2026-04-10 13:15:06 +00:00
commit a4a6b1f1c8
94 changed files with 3964 additions and 0 deletions
--- a/tasks/05_flash_attention_fwd/spec.md
+++ b/tasks/05_flash_attention_fwd/spec.md
@@ -0,0 +1,59 @@
+# Task 05: Flash Attention Forward
+
+## 1. Problem Statement
+
+Implement a learning-oriented forward-only FlashAttention-style kernel in both Triton and CUDA.
+
+## 2. Expected Input/Output Shapes
+
+- `Q`: `[batch, heads, seq_len, head_dim]`
+- `K`: `[batch, heads, seq_len, head_dim]`
+- `V`: `[batch, heads, seq_len, head_dim]`
+- `Output`: `[batch, heads, seq_len, head_dim]`
+
+## 3. Performance Intuition
+
+The goal is to reduce memory traffic by avoiding full materialization of the score matrix. Correctness comes first. Performance work only matters after the blockwise algorithm is correct.
+
+## 4. Memory Access Discussion
+
+This task is about staged movement:
+
+- load a `Q` block
+- iterate over `K` and `V` blocks
+- compute score blocks
+- update online normalization
+- accumulate the output block
+
+Track where each quantity lives: global memory, registers, or shared memory.
+
+## 5. What Triton Is Abstracting
+
+Triton makes block pointers, program IDs, and masked block operations compact.
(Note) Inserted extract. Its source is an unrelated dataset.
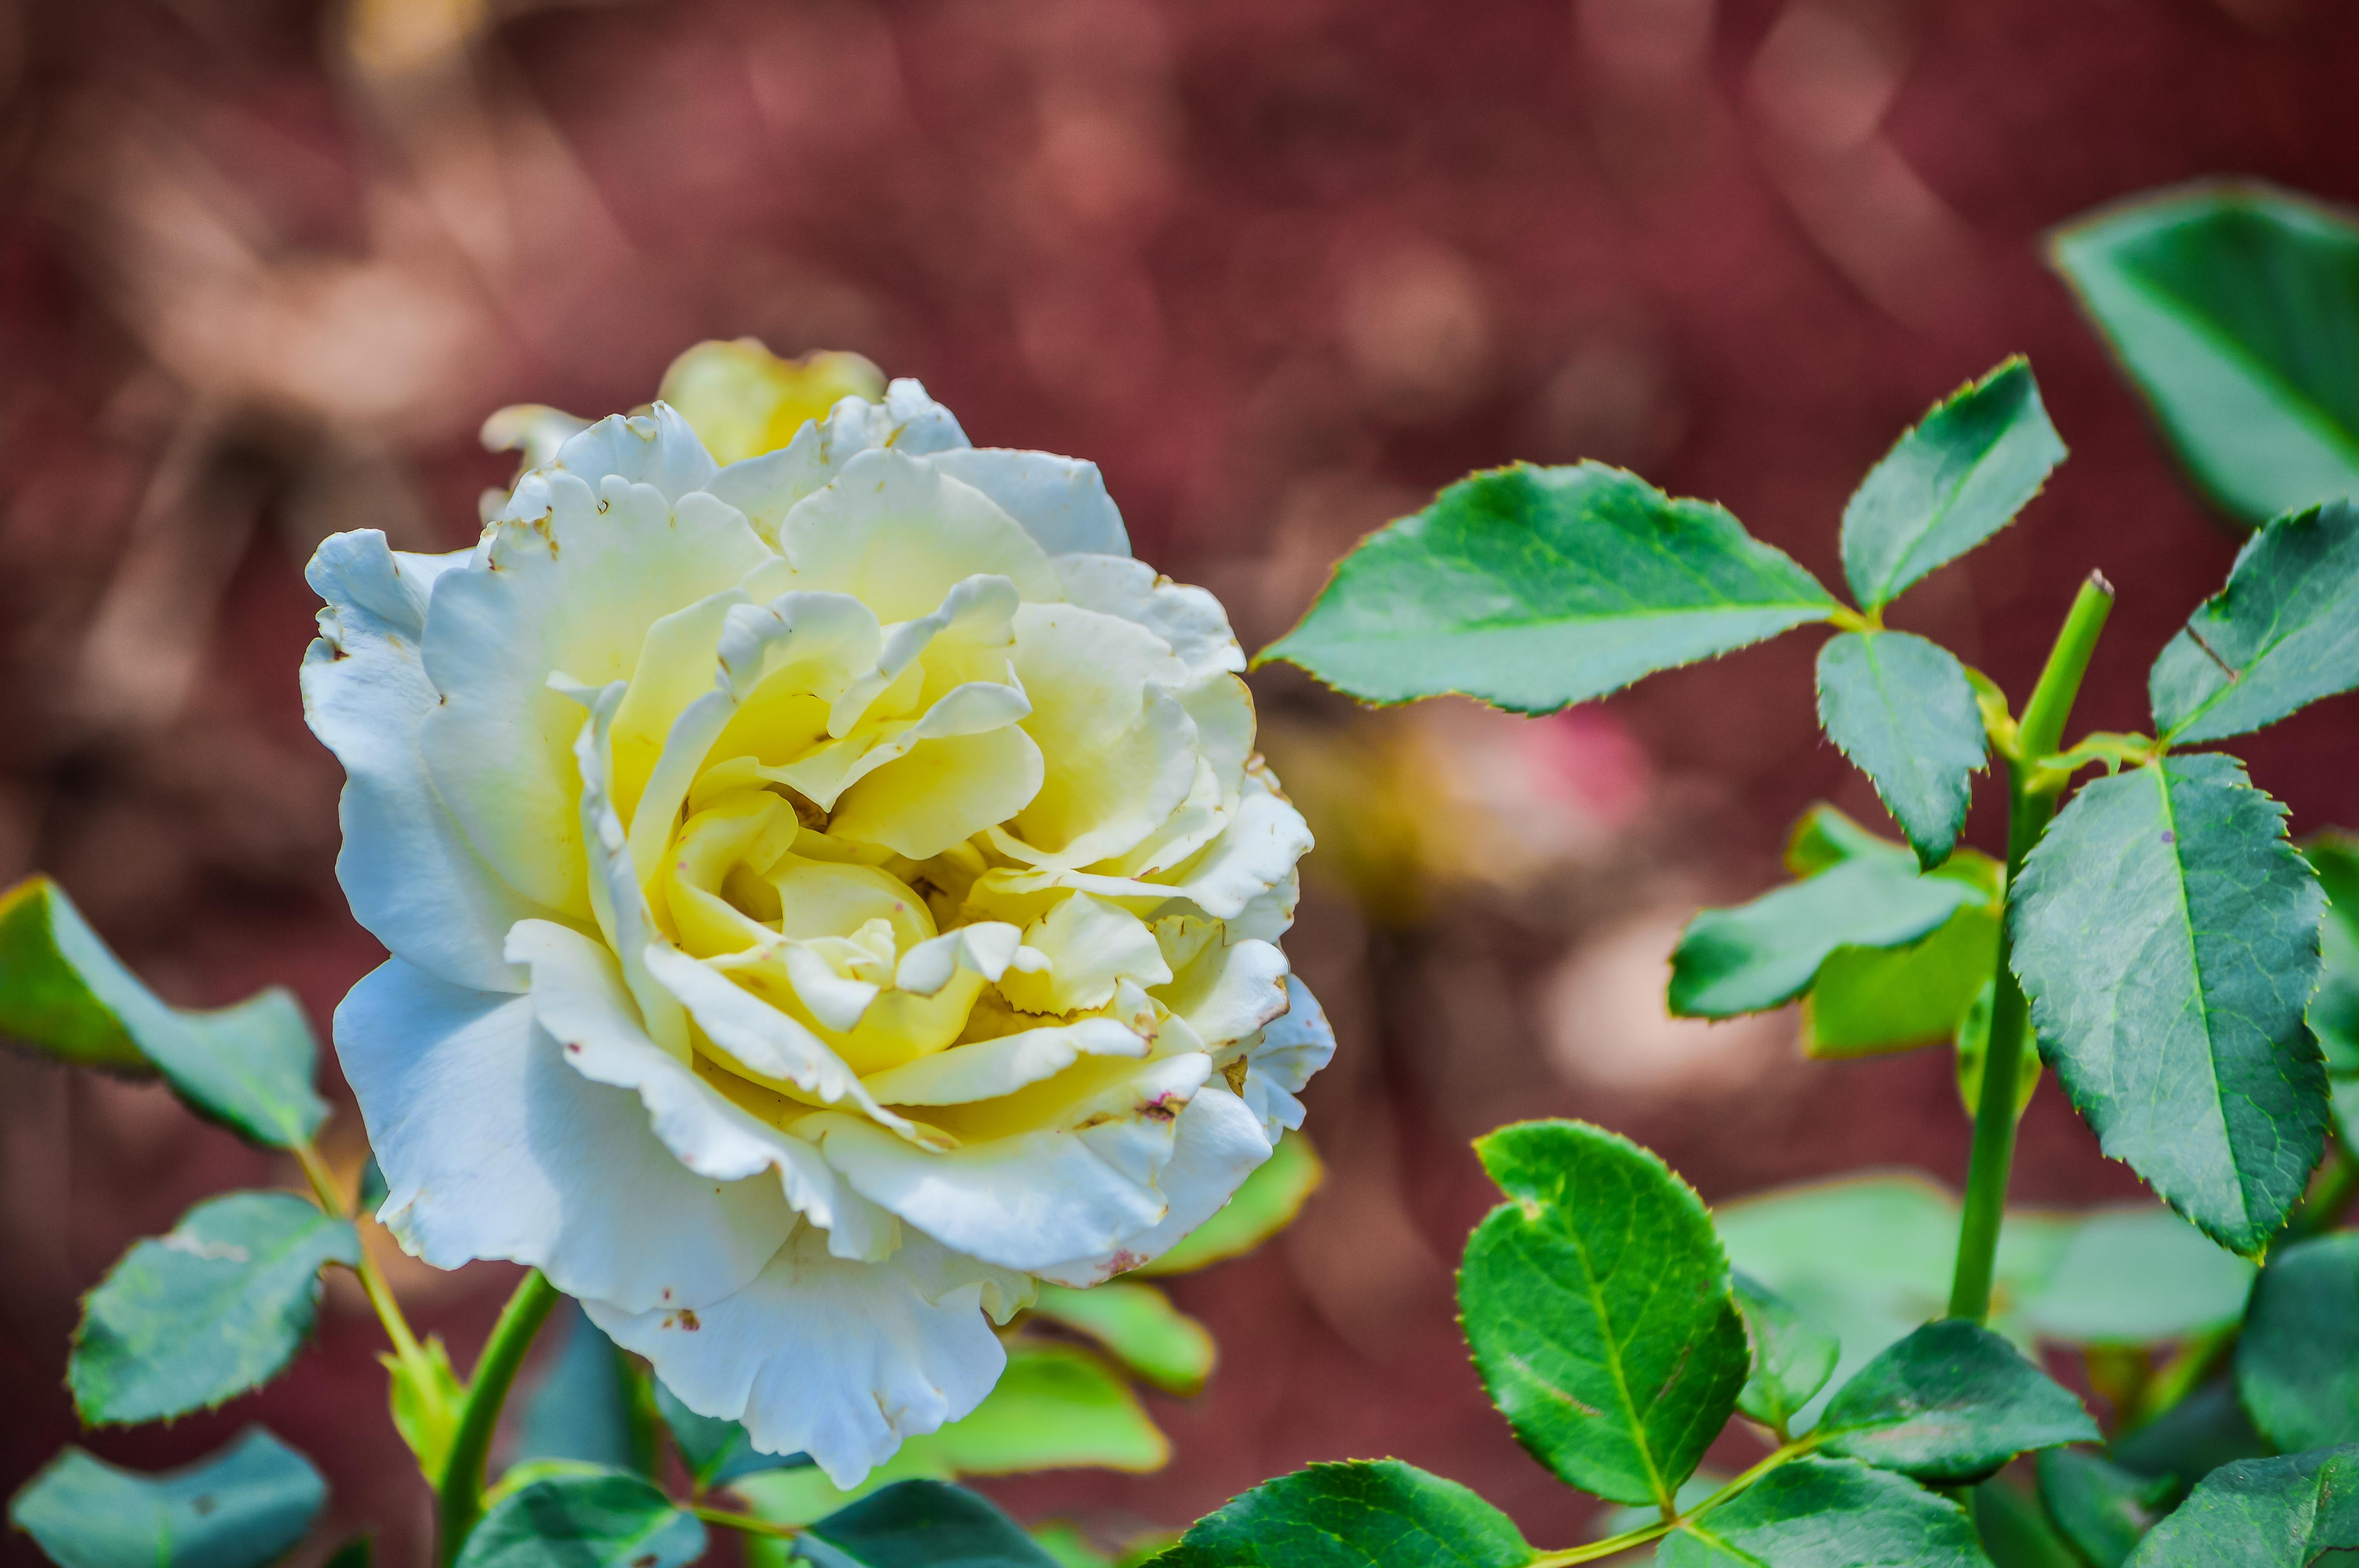 Gratis afbeeldingen natuur bloesem bokeh fabriek wit blad bloem bloemblad bloemen - Kleur rood ruimte ...

Those abstractions still correspond to explicit memory ownership decisions.
+
+## 6. What CUDA Makes Explicit
+
+CUDA exposes thread-block mapping, shared-memory staging, synchronization, and reduction details directly. This is where the same algorithm becomes visibly lower level.
+
+## 7. Reflection Questions
+
+- How does online softmax avoid writing out the full score matrix?
+- Which loop corresponds to iterating over key/value blocks?
+- Where do causal masking and normalization interact?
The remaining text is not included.